Bahrain's Crown Prince rules out cancelling grand prix

Bahrain's Crown Prince has ruled out any talk of cancelling this weekend's grand prix, after suggesting that such a move would be a victory for protestors

Bahrain's Crown Prince rules out cancelling grand prix

Despite rising concerns in the paddock about safety, and calls from British politicians for the race to be called off, Prince Salman bin Hamad bin Isa Al Khalifa insisted it was vital the event went ahead.

"I think cancelling just empowers extremists," he said, during a press conference in the Bahrain paddock. "I think for those of us who are trying to navigate a way out of this political problem, having the race allows us to build bridges across communities, and get people working together.

"It allows us to celebrate our nation as an idea that is positive, not one that is divisive. So I actually think that having the race has prevented extremists from doing what they think they need to do out of the world's attention."

The Crown Prince acknowledged the safety concerns expressed by some F1 personnel, in light of Wednesday night's incident involving Force India mechanics, but insisted that protestors were not targeting F1.
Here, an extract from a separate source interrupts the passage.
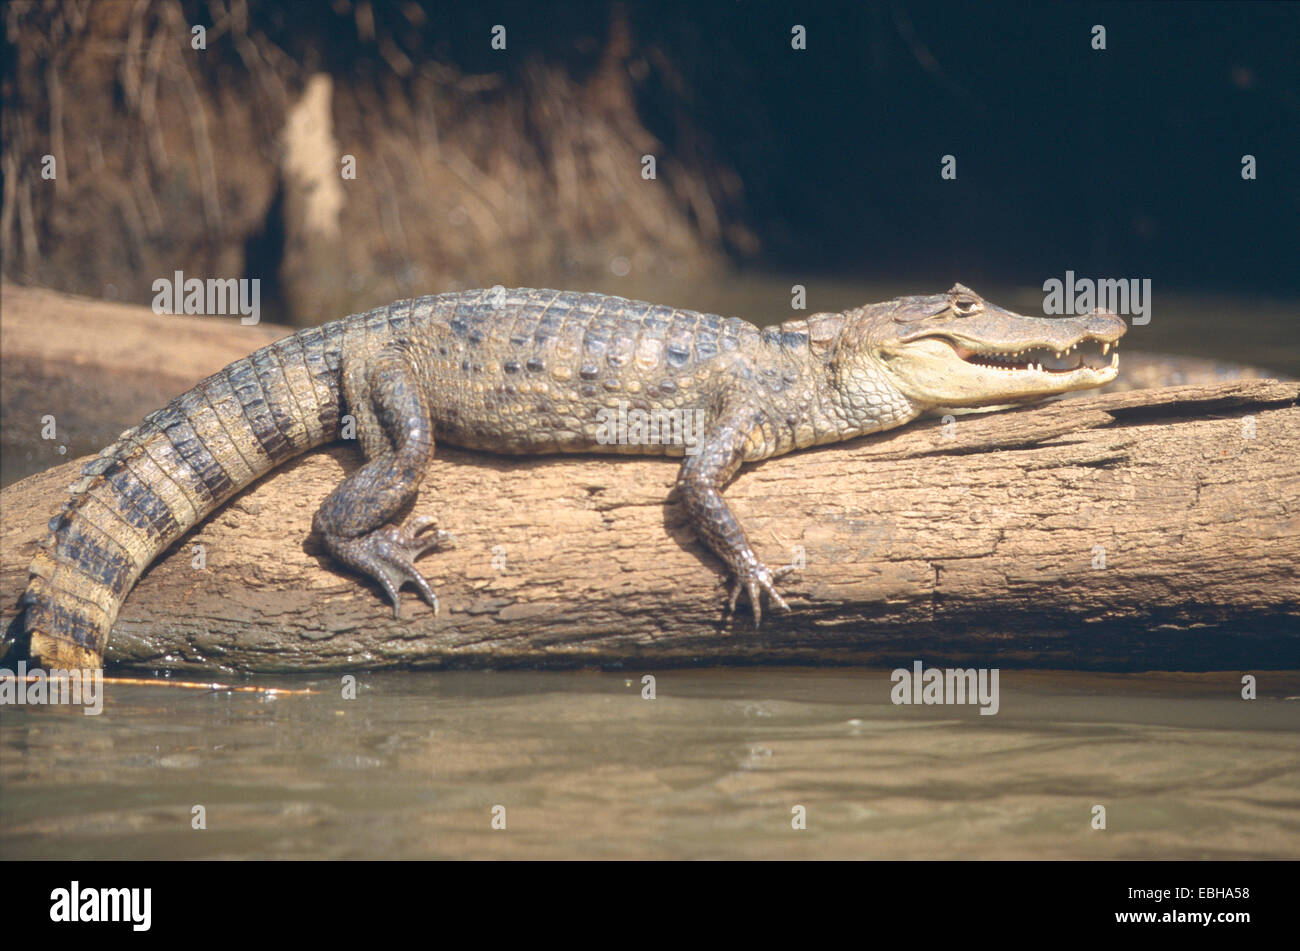 Caïman à lunettes (Caiman crocodilus), est situé sur le tronc dans l'eau. Banque D'Images

"I absolutely can guarantee that any problems that may or may not happen are not directed at F1," he said. "It goes to show that there are people who are out to cause chaos.

"You [in Britain] had these problems last year in your country and there is a very big difference between protesting for political rights and rioting, and the attack that happened around Force India was aimed at the police. It was unprovoked, and it was quite dangerous. But at no time was anyone from F1 in danger."

The Crown Prince acknowledged that Bahrain did have its problems, and said it would be wrong to shy away from events.

"I hope by coming here you understand that unlike what has been reported we are not trying to say we are perfect," he said. "We are a real country with real issues and we hope that you get a chance for all our complexities and all our shades, I genuinely believe that this race is a force for good."

He also said that he would have no regrets if protests ramped up over the weekend and caused trouble.

"I am very confident that protests which will happen at some point, and there is a demonstration today, is part of the political process in any country," he said.

"So why should we be any different? Why should our openness relative to our neighbours be used against us? It is part of the political fabric of the country. The race is the race and we are here to celebrate that. I am here to go racing."